Chief Justice John G. Roberts Jr. said Wednesday that the Supreme Court is working on a modest initiative to provide greater transparency by making all documents filed with the court available online.

In his “2014 Year-End Report on the Federal Judiciary,” Roberts said the new online system would offer all petitions, responses, briefs and other public documents filed with the court and said it “may be operational as soon as 2016.” Paper copies of the documents are available to the public at the court, but are not retrievable on the court’s Web site, www.supremecourt.gov.

But Roberts referred only obliquely to other calls for more transparency — such as televised oral arguments or same-day audio of the court’s sessions — and made no apologies for what he described as the court’s tortoise-like implementation of modern technology.

“Like other centuries-old institutions, courts may have practices that seem archaic and inefficient — and some are,” Roberts wrote. “But others rest on traditions that embody intangible wisdom.” He added, “Judges and court executives are understandably circumspect in introducing change to a court system that works well until they are satisfied that they are introducing change for the good.”

“In his year-end report, Chief Justice Roberts rightly promotes how the courts have embraced new technology,” Sen.
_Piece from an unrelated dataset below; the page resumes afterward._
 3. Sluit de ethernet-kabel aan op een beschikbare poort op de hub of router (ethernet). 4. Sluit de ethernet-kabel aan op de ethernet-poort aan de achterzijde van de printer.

Charles E. Grassley (R-Iowa), who serves on the Judiciary Committee, said in a release. “Unfortunately, though, the courts have yet to embrace the one technology that the founders would likely have advocated for-cameras in the courtroom.”

Gabe Roth, executive director of a group called Fix the Court that is critical of the court’s transparency policies, said Roberts’ gesture was positive if underwhelming.
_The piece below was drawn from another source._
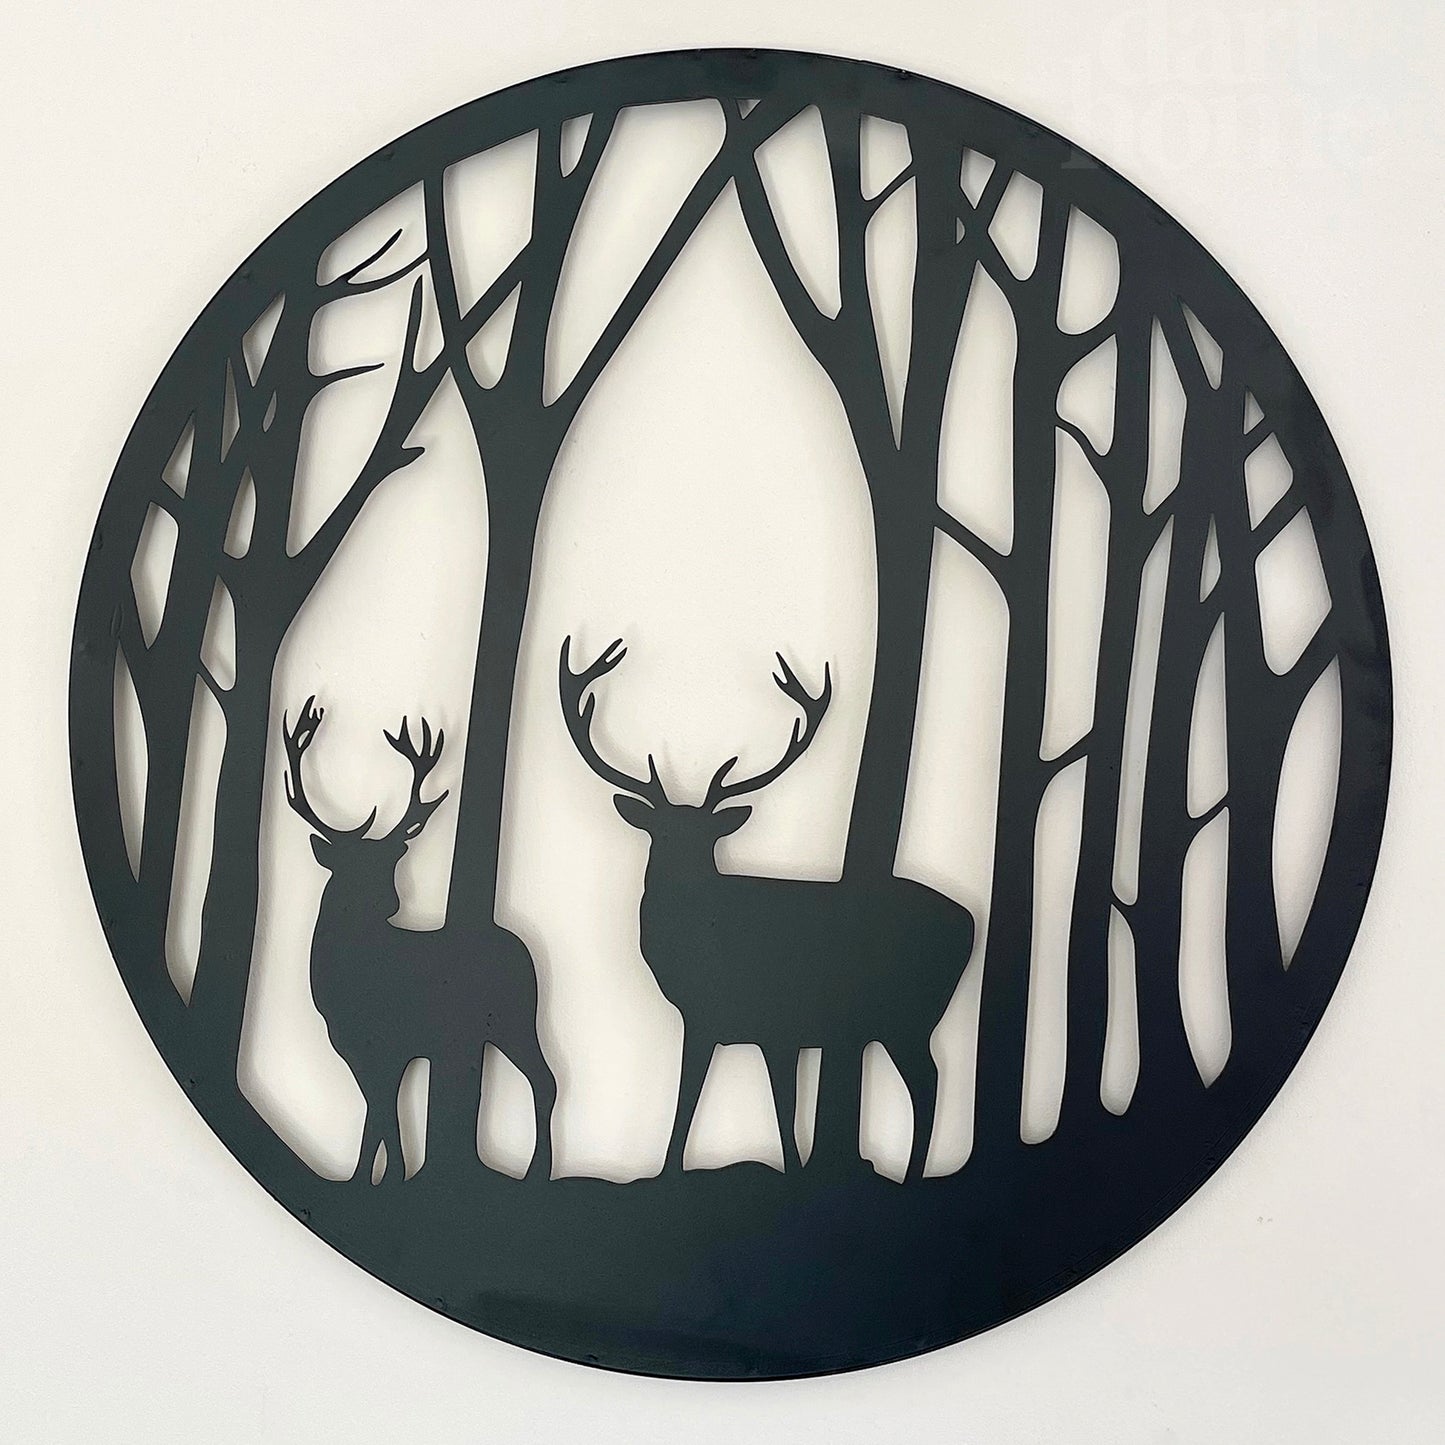 Schwarze Hirsche im Wald Silhouette Wandkunst

“The first step to recovery is admitting there’s a problem,” Roth said. But he added, “this may be the very least the court could do to become more transparent.”
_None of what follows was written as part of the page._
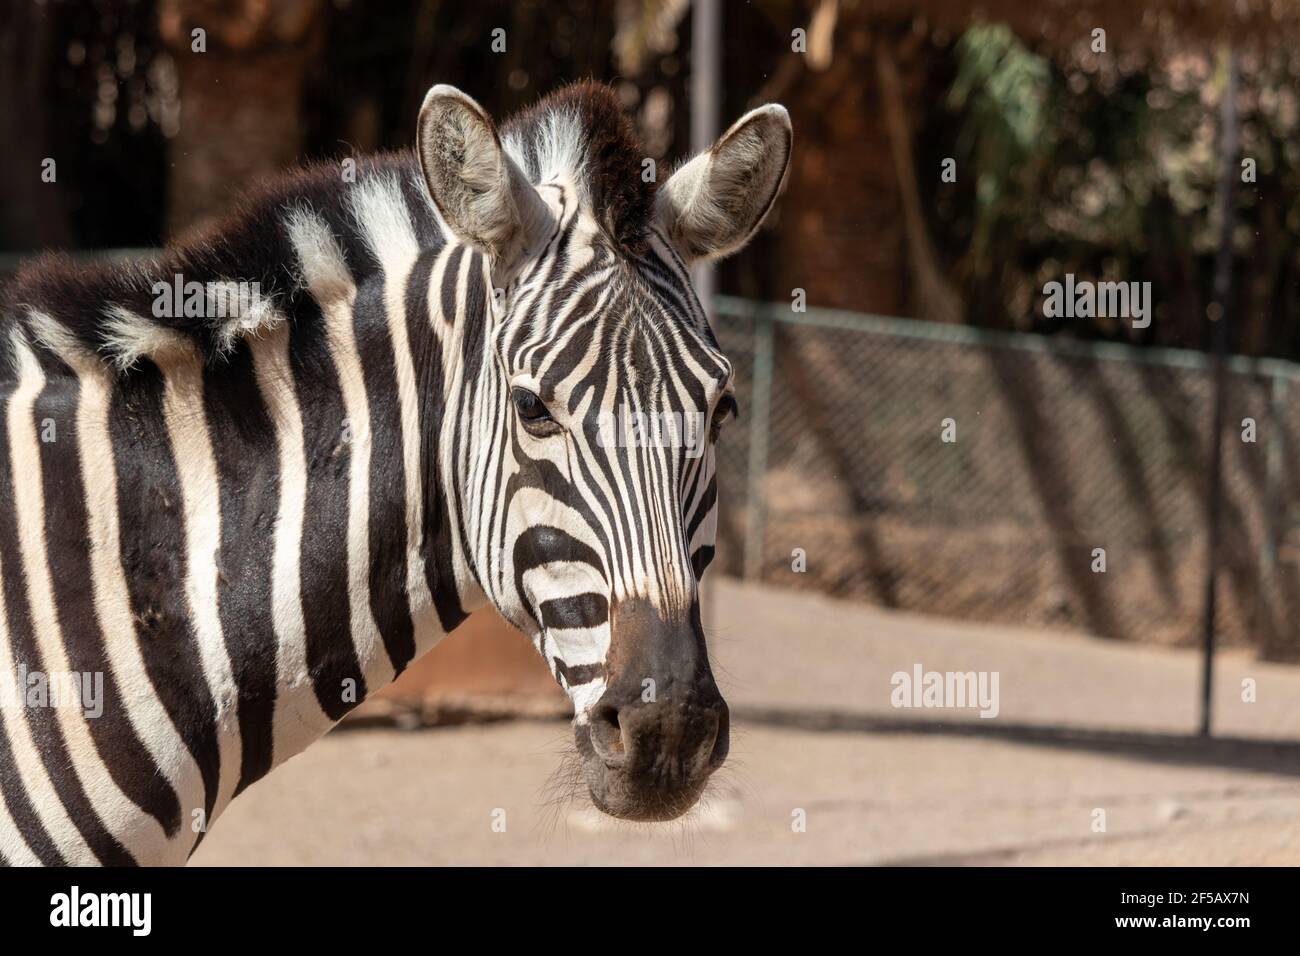 Portait di zebra. Zebra nello zoo. Animale con strisce bianche e nere. Foto della testa di zebra. Foto Stock

First on his group’s wish list is allowing cameras into the courtroom, something that the justices have denied. Critics would also like to have audio available immediately from oral arguments; tapes of the sessions are made available on Fridays of the week the arguments are held. (Same-day transcripts of the arguments are posted on the court’s Web site.)

Additionally, the justices do not post their financial disclosures online or have a system for publicizing their public speaking engagements. And it is up to the individual justice to control access.

For instance, a recent joint appearance by Justices Antonin Scalia and Elena Kagan at the University of Mississippi law school was open to coverage by reporters in Oxford, but Scalia said it could not be recorded, televised or made available by webcast.

Roberts did not address such issues in his report. But he noted that justices and judges “understandably focus on those innovations that, first and foremost, advance their primary goal of fairly and efficiently adjudicating cases through the application of law.”

He noted that the court’s east pediment features, among the images of historic lawgivers, the fable of the tortoise and the hare. Architect Cass Gilbert paid tribute to the winner of the race by placing large bronze turtles at the bases of the court’s exterior lamposts, Roberts wrote.

Similarly, he said, that even though The Washington Post declared the dawn of the “pneumatic age” in 1893, it was not until the Supreme Court’s building debuted in 1935 that the compressed-air system of pneumatic tubes was embraced as a way to ferry the court’s opinions to waiting reporters a floor below the courtroom.

Similarly, Roberts said the federal judiciary has benefited from online systems already in use, but must proceed cautiously to protect confidentiality in some cases and to make sure the system is secure.

Courts must be on guard against “foreign and domestic hackers, whose motives may range from fishing for secrets to discrediting the government or impairing court operations,” he wrote.

Many of the documents Roberts mentioned are available online through profit-making organizations such as Lexis Nexis. The American Bar Association maintains a Web site that contains briefs filed in the cases the court has chosen to accept.

And for many, the Web site Scotusblog.com, founded by Washington lawyer and Supreme Court practitioner Thomas G. Goldstein, is the go-to place to read documents filed with the court.

Goldstein said a staffer is charged with contacting attorneys who file petitions and briefs with the court to try to get digital versions that the Web site can offer to readers.

Such documents are of great interest to those who come to Scotusblog, Goldstein said. He said it “would be a great development” for the court to do what Roberts outlined and require attorneys to file electronic versions of their pleas to the court.